Defendant argues that Count II should be dismissed for the independent reason that this court lacks subject matter jurisdiction over a claim for trademark infringement under Canadian law pursuant to Fed. R. Civ. P. 12(b)(1). Plaintiffs have alleged diversity jurisdiction as the basis of this Court's subject matter jurisdiction over Count II. Although the parties dispute whether jurisdiction extends to Count II, the court dismisses Count II on the alternative ground that it fails to state a claim upon which relief can be granted pursuant to Fed. R. Civ. P. 12(b)(6).

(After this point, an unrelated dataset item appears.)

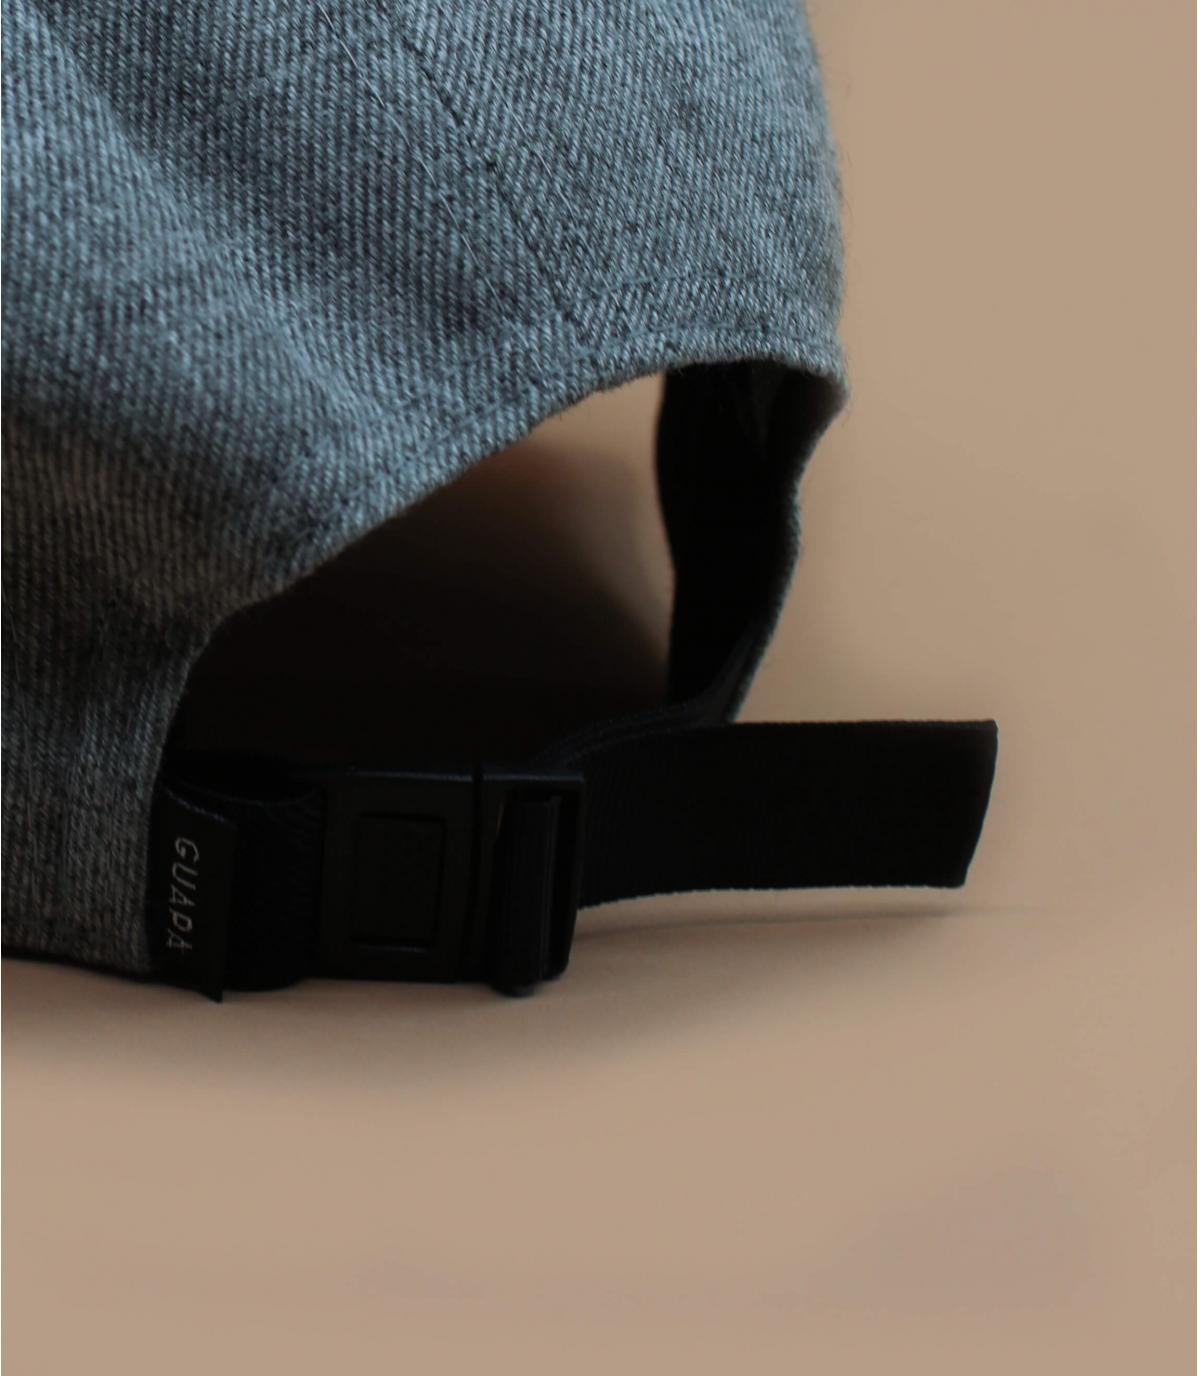 Dettagli Volley 5 Panel heather grey - image 4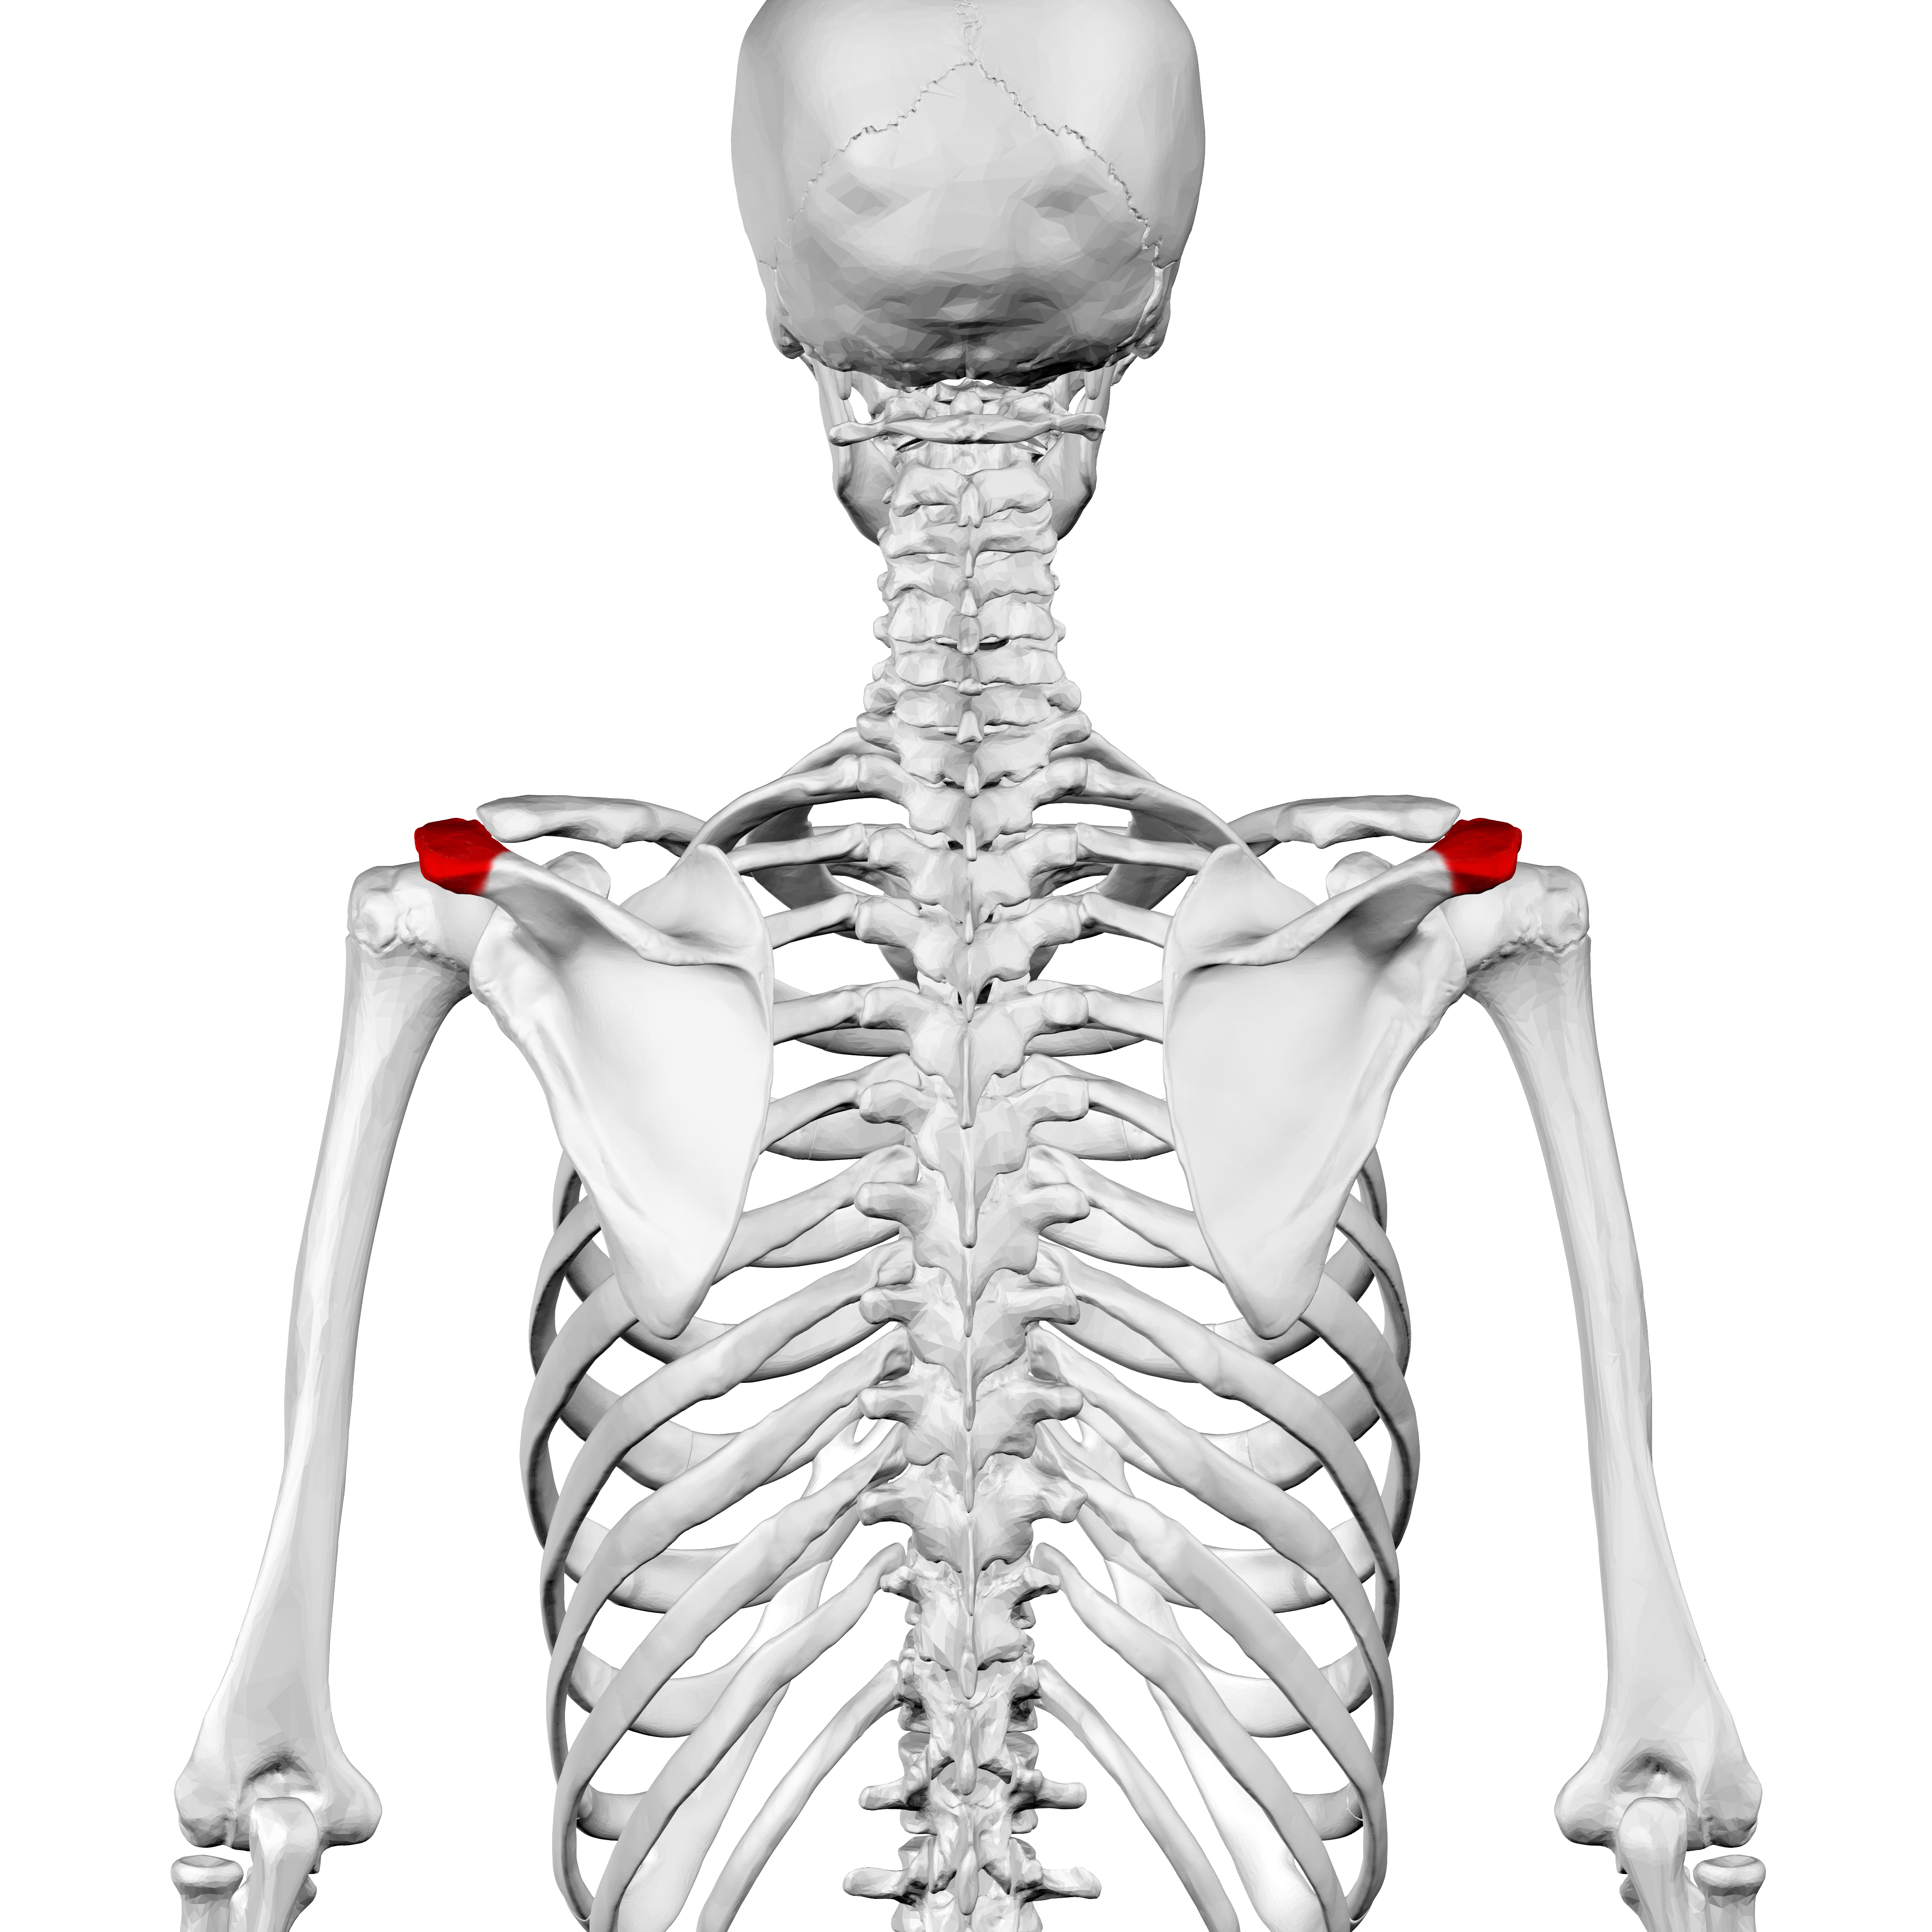 Acromion of scapula

Plaintiffs allege that they have a valid registered trademark to "Naturally Zero" in Canada. Count II seeks enforcement of their Canadian trademark by this court for conduct occurring wholly in the United States. United States trademark law is based on the doctrine of territoriality, which recognizes that "a trademark has a separate legal existence under each country's laws" and is afforded protection by those laws. ITC Ltd. v. Punchgini, Inc., 482 F.3d 135, 155 (2nd Cir. 2007) (quoting Osawa & Co. v. B & H Photo, 589 F.Supp. 1163, 1171-72 (S.D.N.Y. 1984)). The federal courts do not "enforce trademark rights that exist only under foreign law.", Inc. v. Excelentisimo Ayuntamiento de Barcelona, 330 F.3d 617, 628 (4th Cir. 2003). Thus, plaintiffs ownership of the Canadian trademark to "Naturally Zero" does not grant them the exclusive right to use and enforce that trademark in the United States courts. ITC Ltd., 482 F.3d at 155. Plaintiffs must instead protect their mark under U.S. trademark law. Id. Therefore, defendant's motion to dismiss Count II is granted.


For the reasons discussed above, defendant's motion to dismiss is denied as to Count I and granted as to Counts II and III.